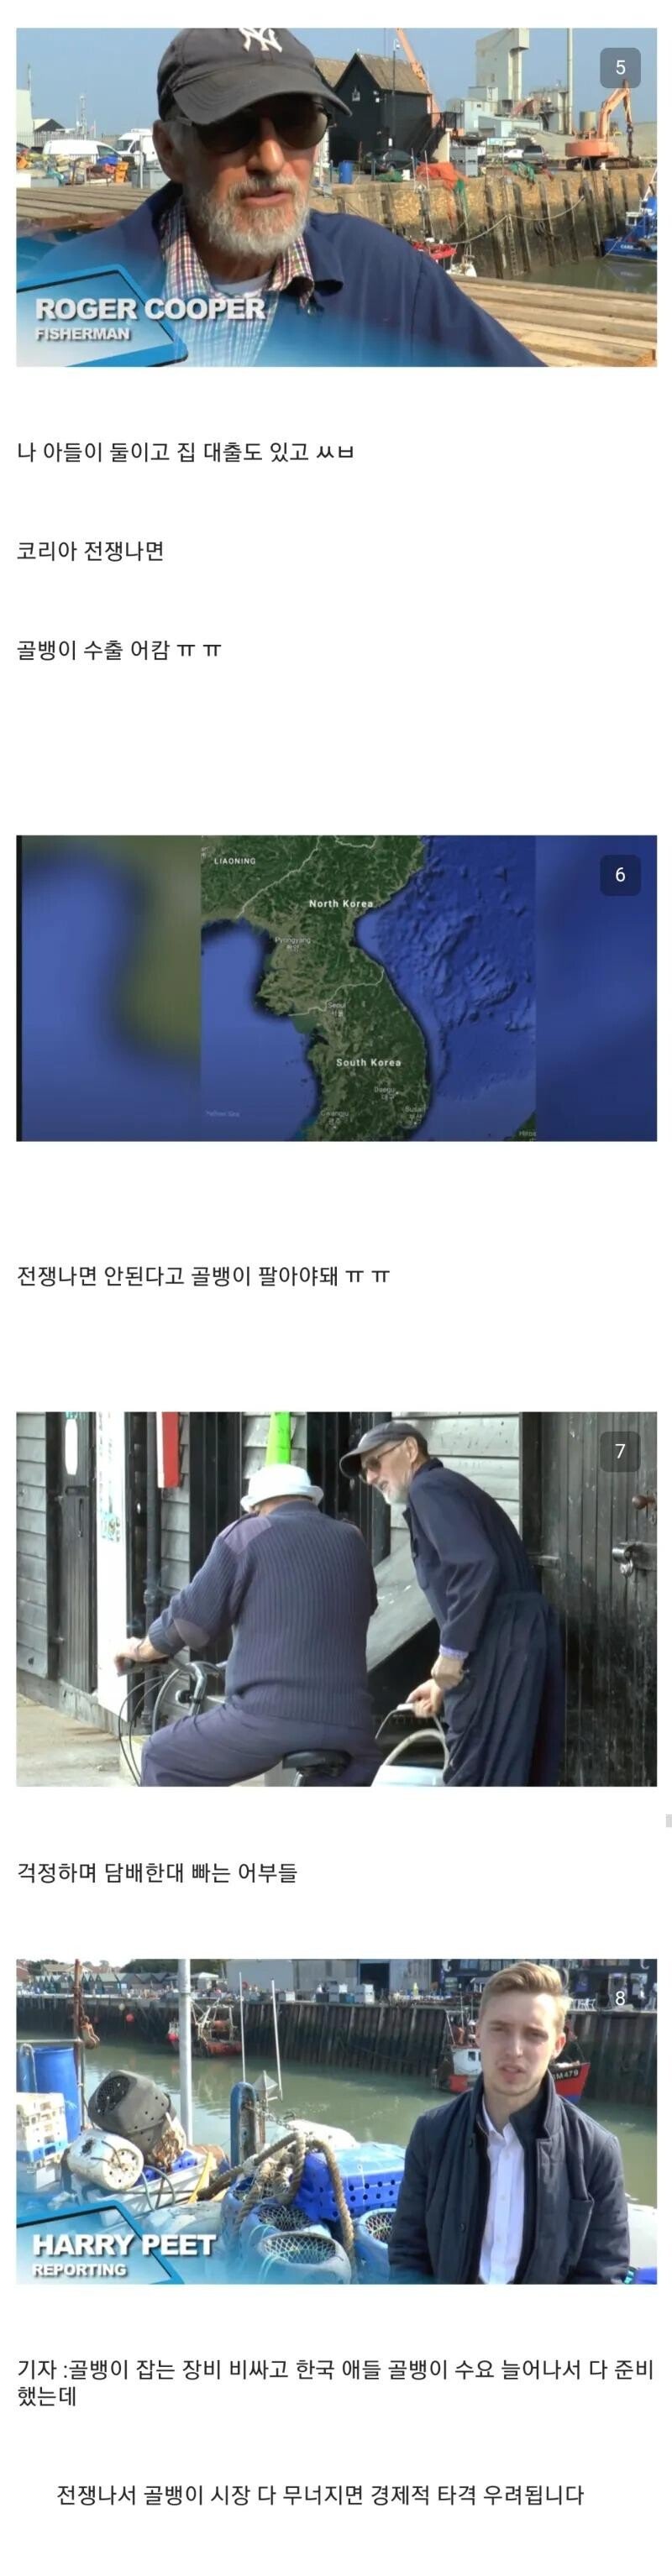 전세계 모든 지역중에 가장 한국을 걱정하는 곳
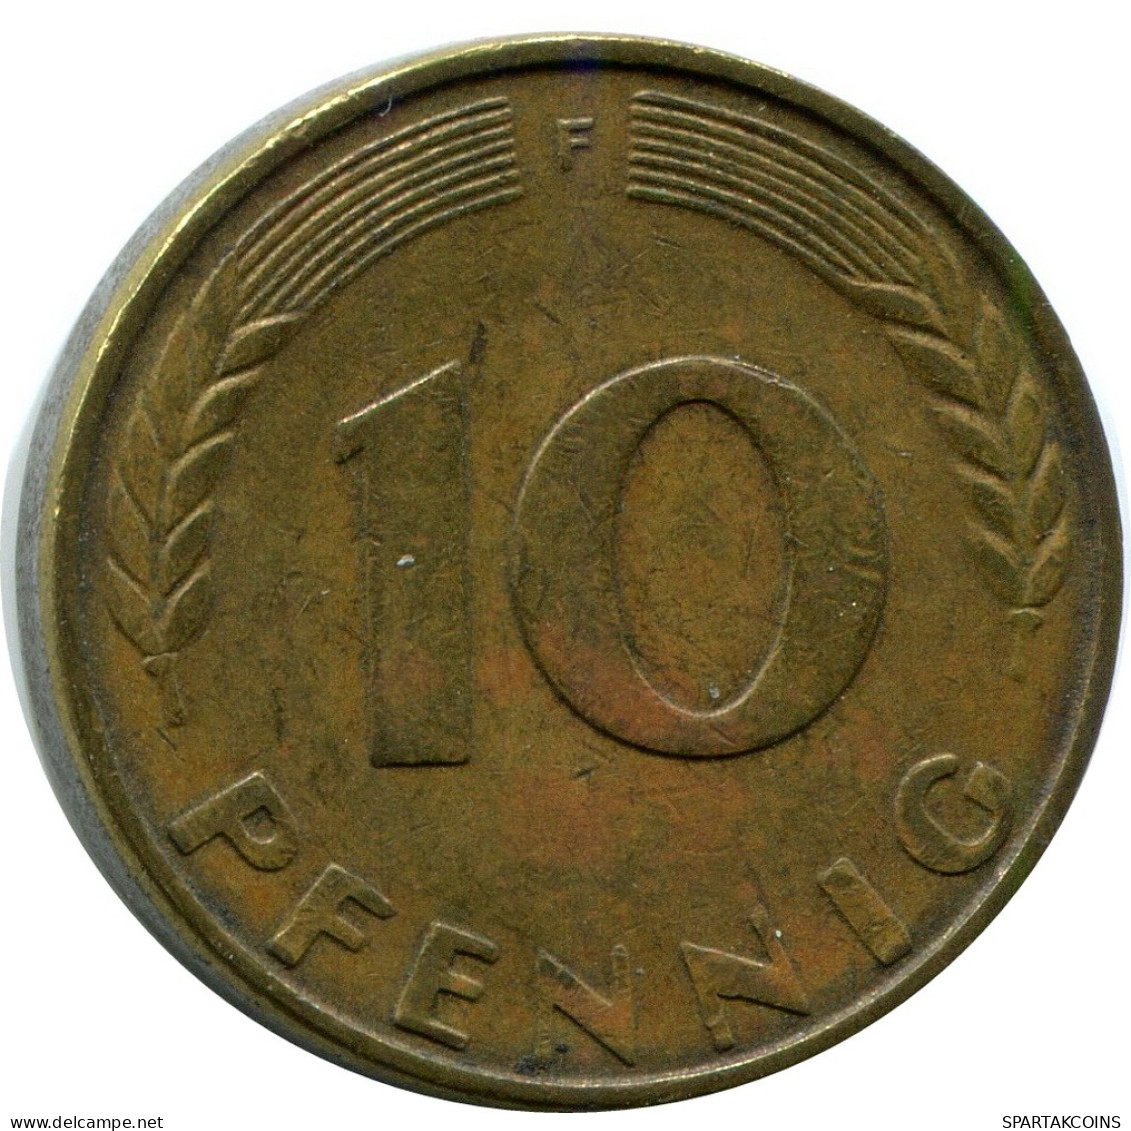 10 PFENNIG 1967 F WEST & UNIFIED GERMANY Coin #AZ460.U - 10 Pfennig
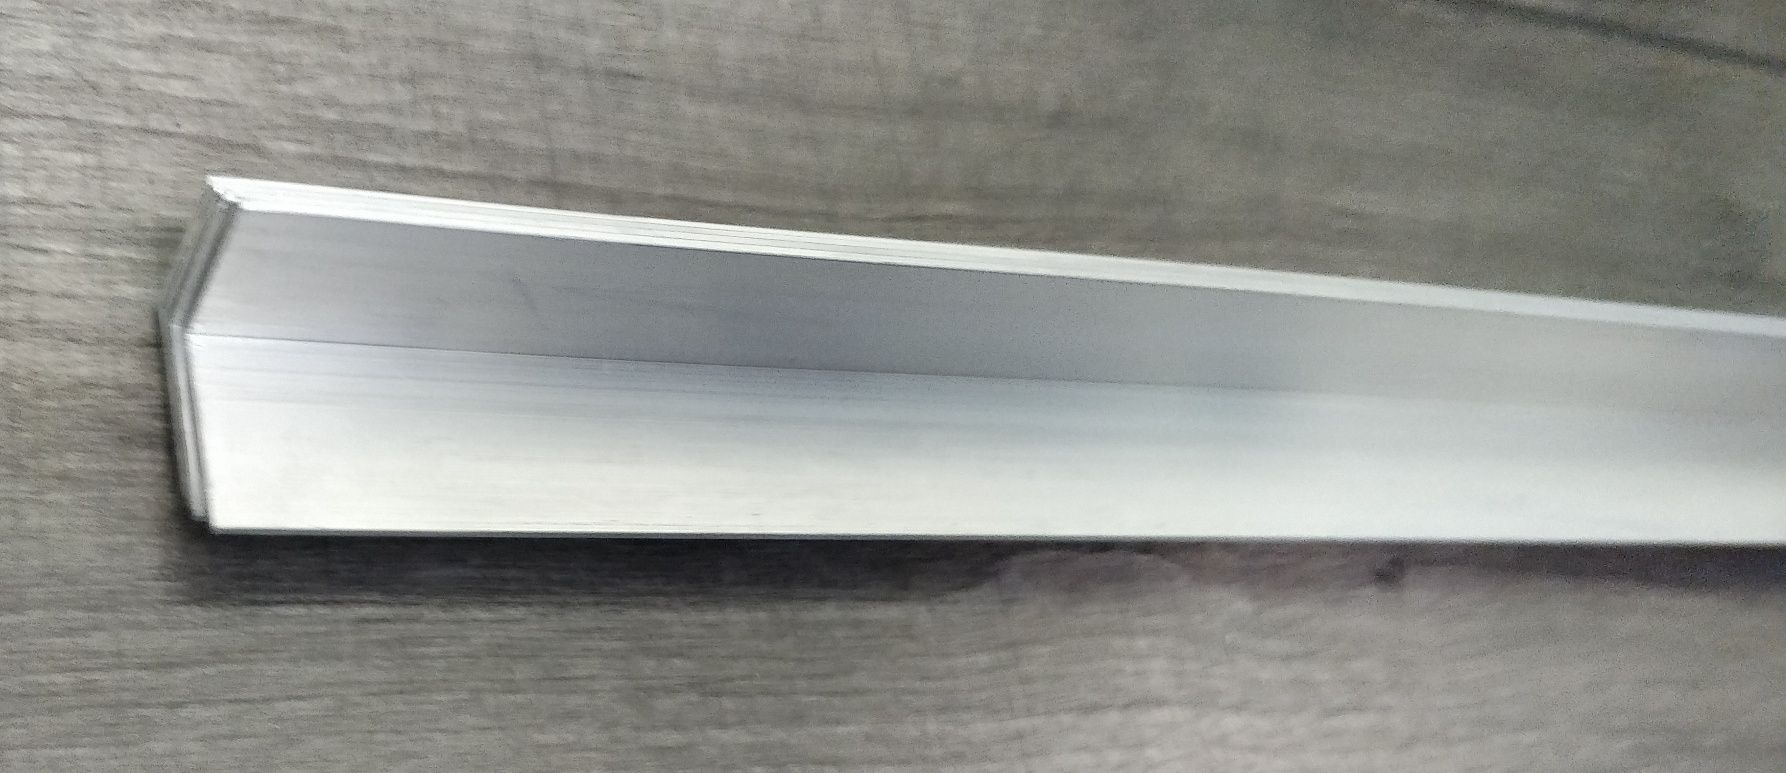 Уголок алюминиевый 25x25x1,5 мм длина 88 см анодированный

──────

(Action item)
Set the material down exactly, images excluded.

(Task output)
 전세계 모든 지역중에 가장 한국을 걱정하는 곳
 10 PFENNIG 1967 F WEST & UNIFIED GERMANY Coin #AZ460.U - 10 Pfennig
 Уголок алюминиевый 25x25x1,5 мм длина 88 см анодированный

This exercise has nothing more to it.